**RECORD EXTRACTS**
*** Block opens ***
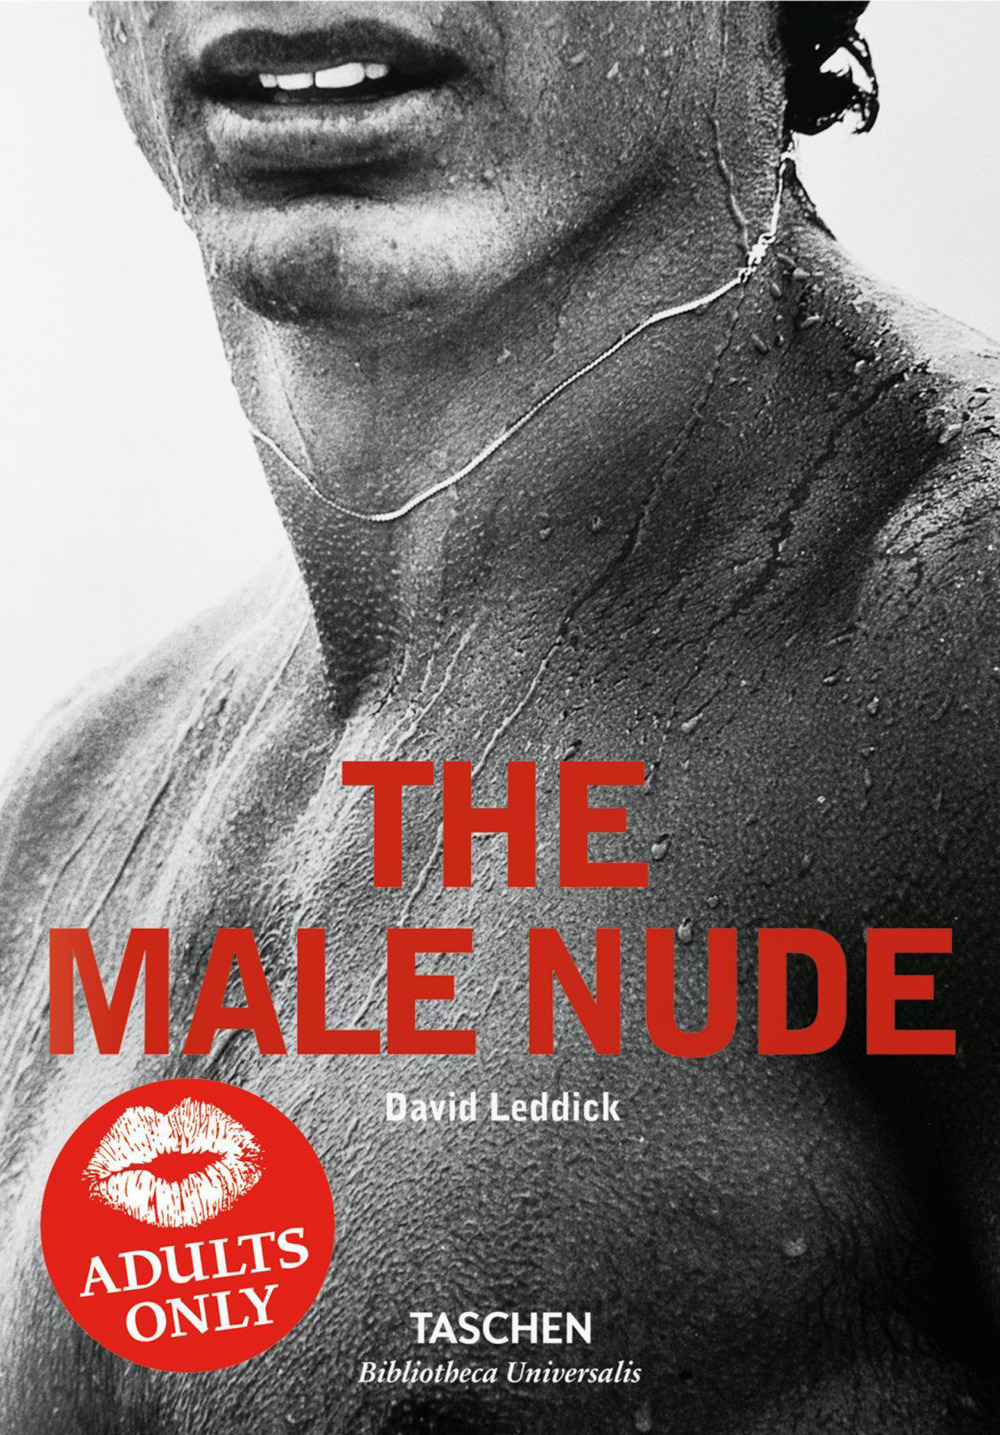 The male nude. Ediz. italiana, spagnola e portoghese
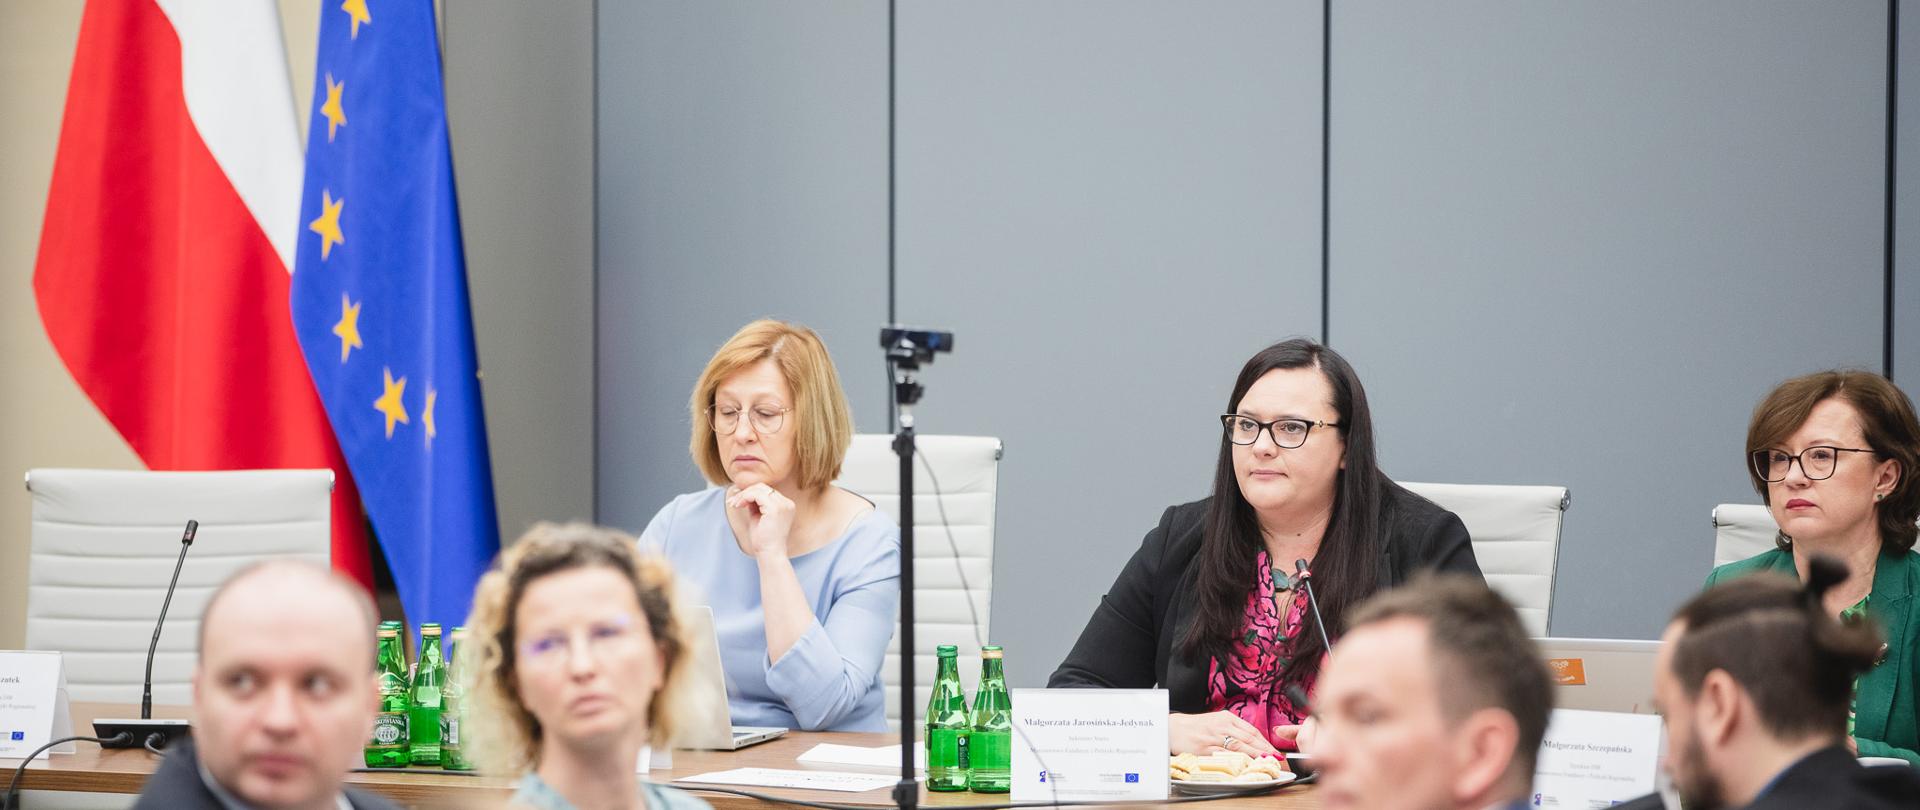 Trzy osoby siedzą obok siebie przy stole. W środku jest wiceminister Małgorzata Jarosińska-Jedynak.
*** Block closes ***
*** Block opens ***
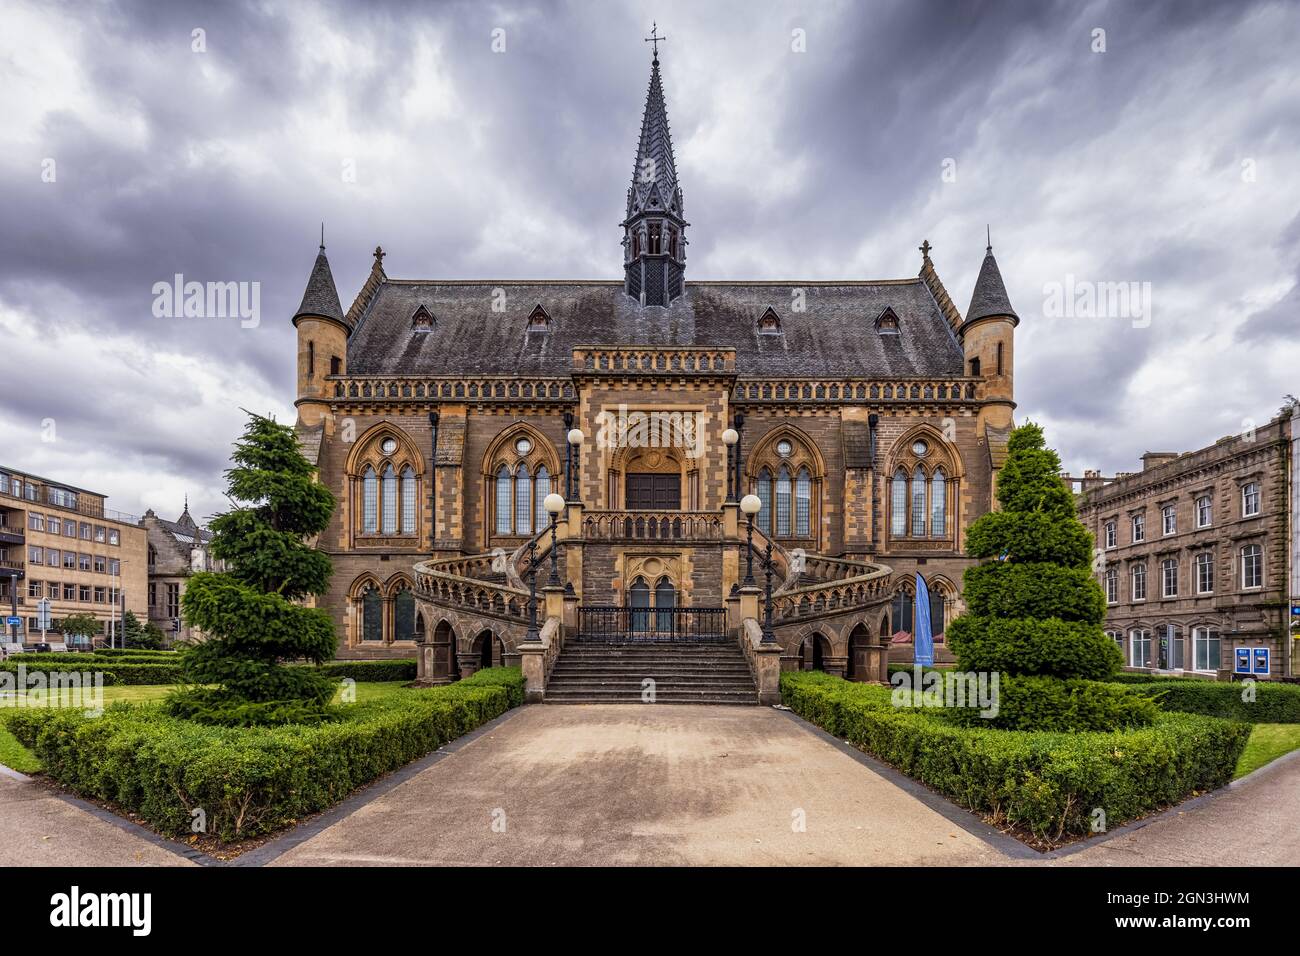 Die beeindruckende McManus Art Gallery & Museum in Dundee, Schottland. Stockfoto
*** Block closes ***
**WHAT YOU ARE ASKED TO DO**
Please transcribe exactly the part of the records that opens with the line containing "The male nude." and closes with the line containing "Trzy osoby siedzą", both ends included, and leave out the pictures.

**RESULT OF THIS TASK**
 The male nude. Ediz. italiana, spagnola e portoghese
 Trzy osoby siedzą obok siebie przy stole. W środku jest wiceminister Małgorzata Jarosińska-Jedynak.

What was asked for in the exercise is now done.